I’ve never wholly understood the appeal of challenges you best with repetition and muscle memory. It doesn’t feel like the accruing of skill, but rather a tightening of the blinkers until there’s nothing left but the optimal route. I know the art of this is having such command of a character that you can repeat the performance - and no doubt an amazing speedrunning community will grow from that - but smashing face first into rotor blades and electrified walls again and again to get to that place slightly undermines the cyber ninja power fantasy. Thankfully, there’s more wiggle room in combat arenas. In these knottier spaces you use that playful mobility to chop up enemies in an order of your choosing, the exit opening when the final neck is severed in a grisly burst of slow-mo. But the one hit kills and proliferation of ranged attackers mean you often die without knowing why. Yes, you have a powerful slow-mo dodge to sidestep bullets mid air, but it’s the bullets you don’t see that get you. Again, it encourages tentative play when you’ve got a body stuffed full of brash toys.
At least deaths are quick and painless. One hit and our cyber warrior is spat back out at a generously placed checkpoint. The odd moment the game fluffs this - spawning you behind a couple of tedious rail grinds before getting back to the fight, say - reminds you how easy it is to get this stuff wrong. Here, the flip book of game over screens is more like the montage of Tom Cruise repeatedly splatting in Edge of Tomorrow. It’s all so breezy I was often surprised at how high the level’s death count was. And for all I grimace at the linear platforming stretches, I prefer combat when it borrows some of that focus and becomes a more puzzle-like affair. Having to slice shield batteries before you touch their connected soldiers lends real direction to those fights, as you dart around invulnerable platoons before turning the tables. Or the appearance of slow-mo or shuriken pick-ups that, again, flip the difficulty on its head if you find a safe route to them. Compared to throwing a glass ninja at a firing squad, this is far more rewarding.

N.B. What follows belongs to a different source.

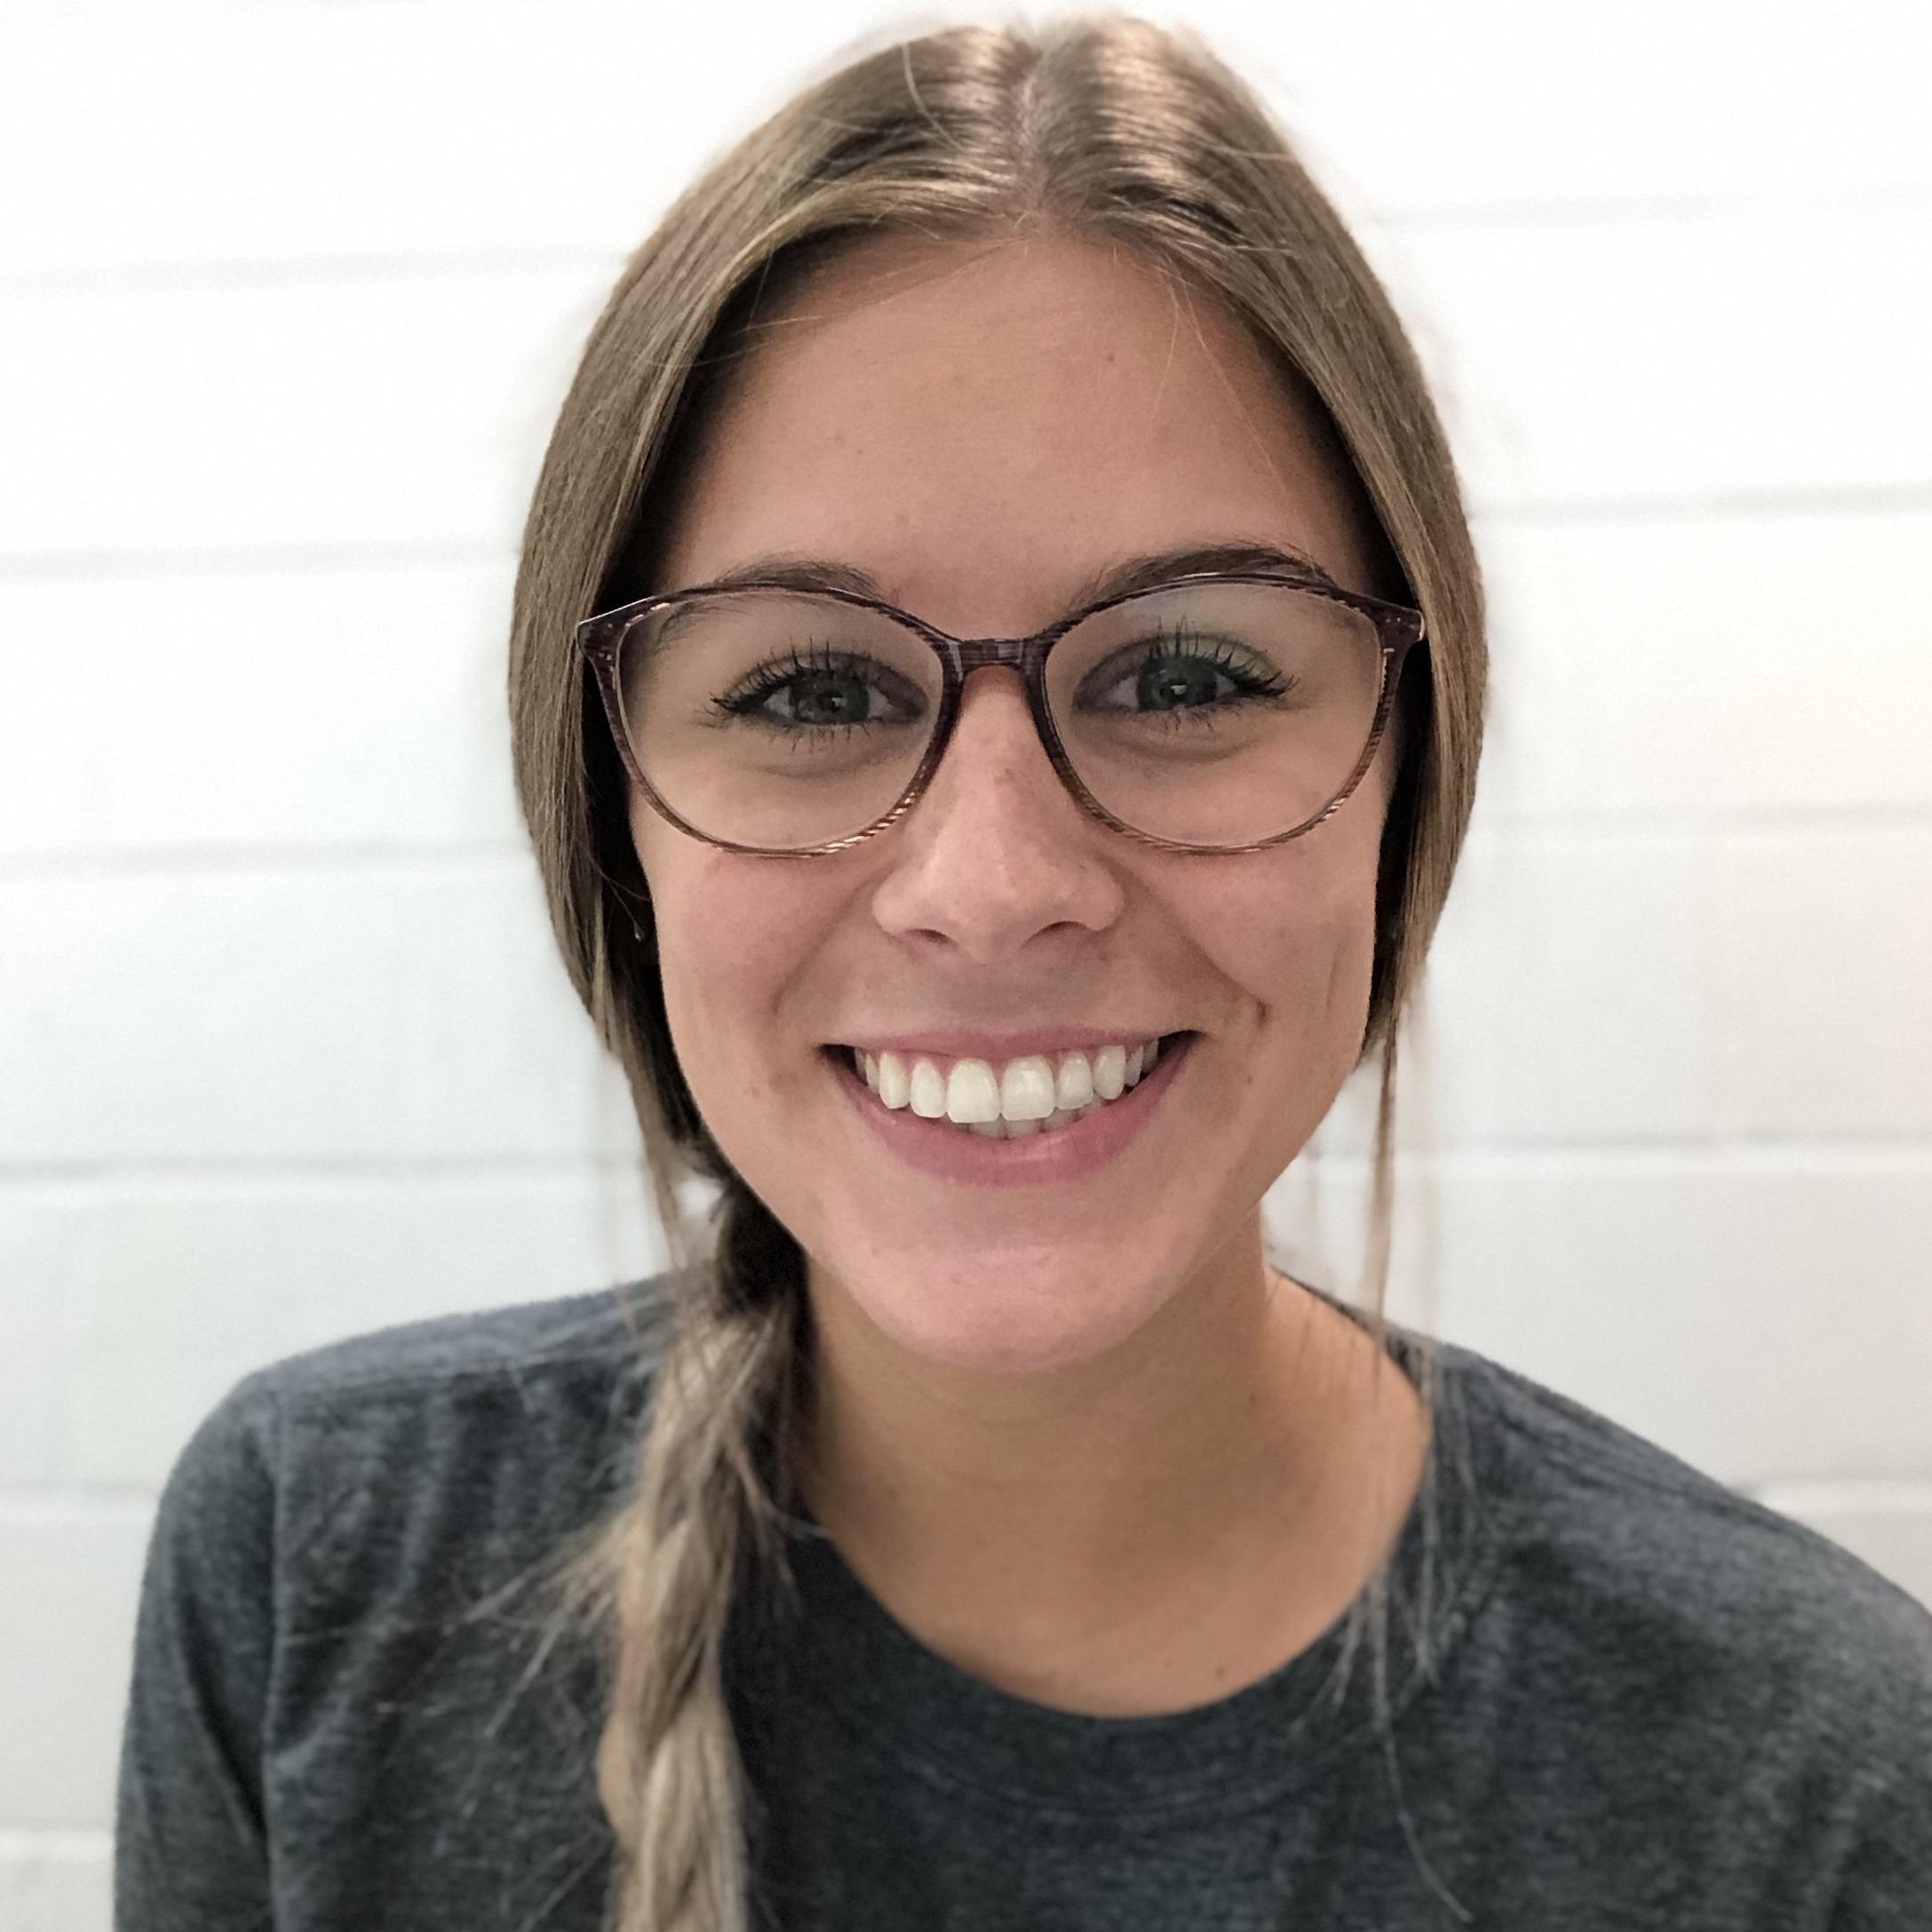 Carmen Mewhorter's Profile Photo

And as more enemy types are introduced, each with a specific weakness or strategy, this ‘sequence puzzle’ element becomes more prevalent and Ghostrunner better with it. After a few hours there are big jumpy boys you need to side step and ninjas to parry before dissecting. And I adore skidding under the laser fire of ED-209 lookalikes before perforating their guts. All of them behave less randomly than a mad gunman, and encounters built from these building blocks are the game’s best. Regular new arrivals speak to Ghostrunner’s main strength: it’s a brisk campaign that rarely repeats itself (bar the hundreds of bits you repeat through cack handedness). I’ve heard the designers cite Titanfall 2 as an inspiration and this is a similar six or so hours where every level adds a mechanical twist for ten minutes before parkouring to the next. You’re hacking billboard to orient paths. No, you’re surfing drones between rooftops. Actually, you’re dodging low hanging signs atop a train. It’s never dull.

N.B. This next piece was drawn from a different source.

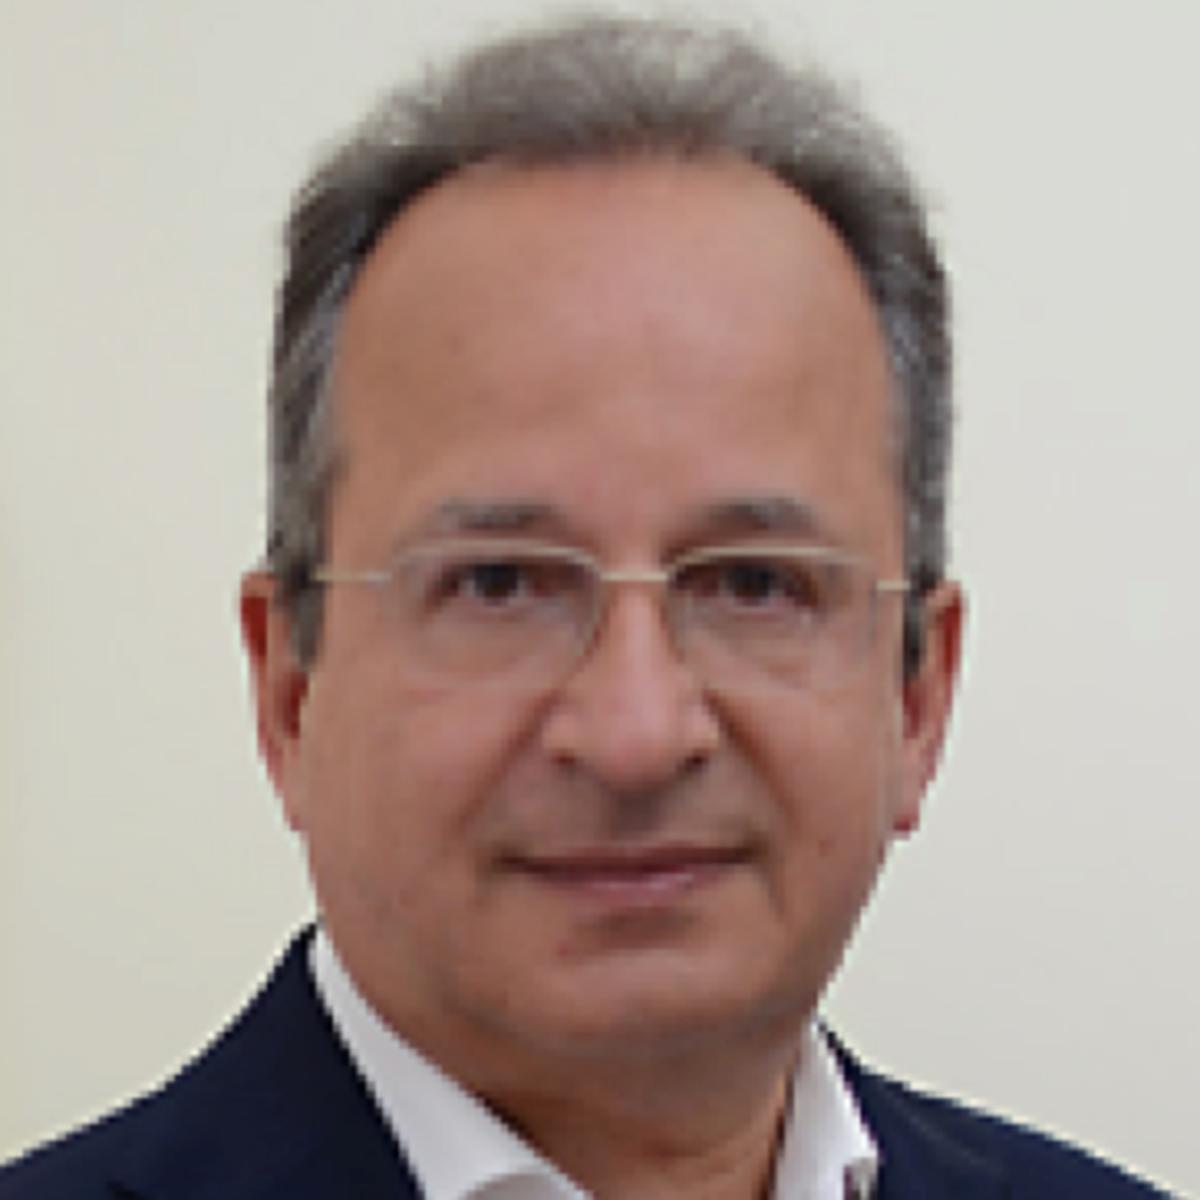 Alberto Consani

Given its brevity there’s a surprisingly meaty upgrade system. You plug in implants like you manage a Resident Evil inventory, fitting tetromino powers into your brain grid. A drip feed of abilities sees combat options blossom over the campaign, from teleporting sword strikes to brainwashing your enemies, and further mods can radically alter their behaviour. Or just remove the edge off a difficulty spike, if you feel like hanging back, plugging in an ability recharging mod and waiting to unleash projectiles from a safe distance. Not how it’s meant to be played I imagine, but handy for more disheartening brick walls. I love how you can endlessly recalibrate and that builds are born from how weird bits slot together. The decision to sacrifice a lot of space for a juicy power - deflecting projectiles back to sender, for example - will probably speak to the nervous beginner, while your speedrunners may jam together lots of niche tweaks to turn warp cut into more of a navigation tool, or eking out energy to perform abilities at more helpful intervals. That unlocks apply in replays of earlier levels is a masterstroke: a second trip through the game, with your fully charged warrior, is transformative enough to make even Mr 1423 Deaths here consider a run at the best time/fewest death leaderboards.

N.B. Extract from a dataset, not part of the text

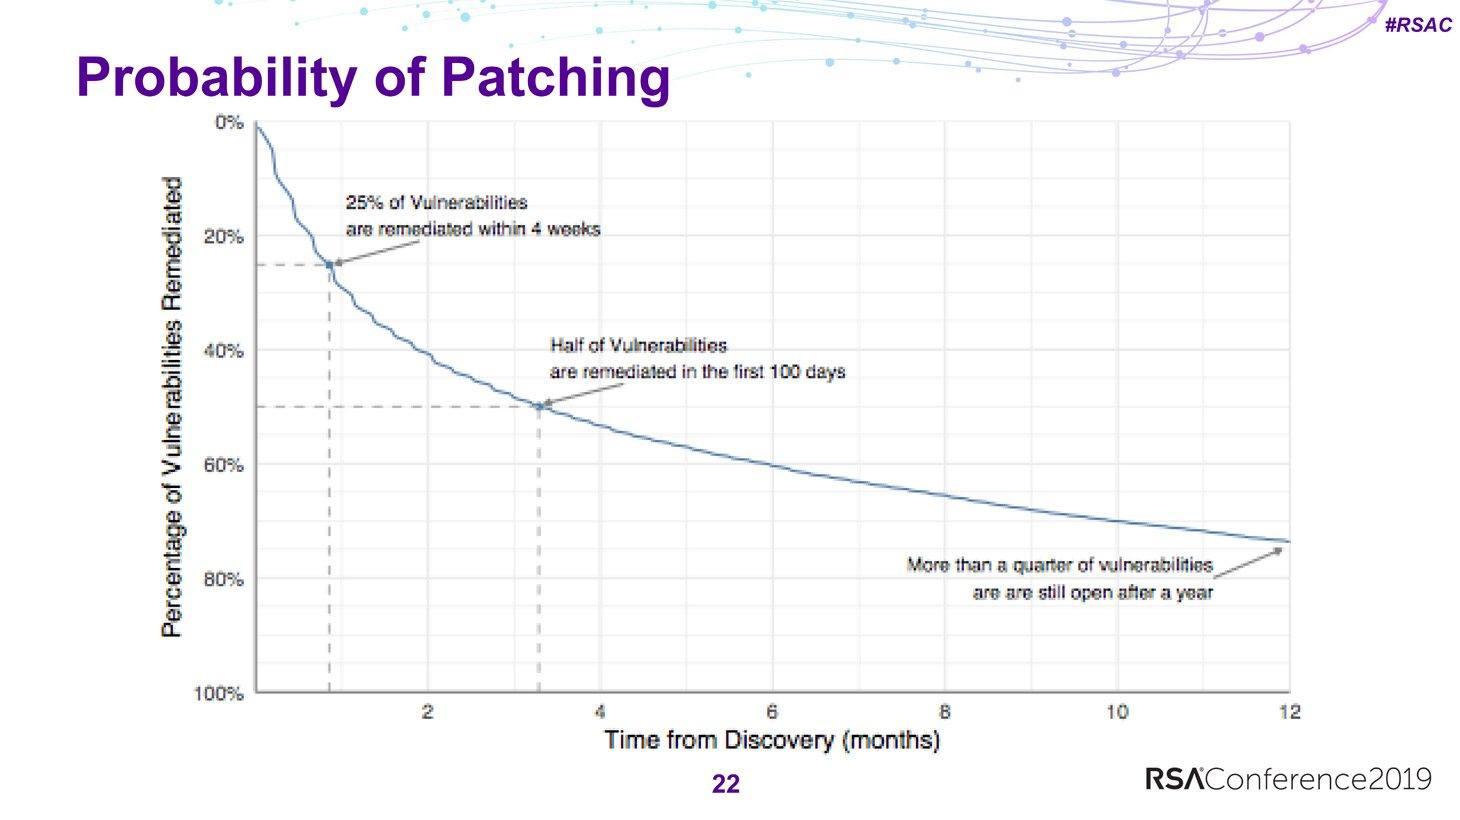 Gemiddeld zijn er nog een kwart van de kwetsbaarheden niet gepatcht een jaar nadat de patch is uitgebracht

As a simple one-and-done campaign run Ghostrunner isn’t at its best: the handiest tricks coming too late in the day and the towering death spikes overshadowing the good times around them. I couldn’t, for example, tell you anything of the story, as it’s delivered over comms during moments of intense concentration. I think it involves someone called Mara, but only because that’s the name on one of the boss fight health bars. But take that initial pass as a warm up lap, inuring yourself to some frustrations to come, and what follows finally delivers on the fun of the cyber ninja fantasy. Death number 1424 beckons.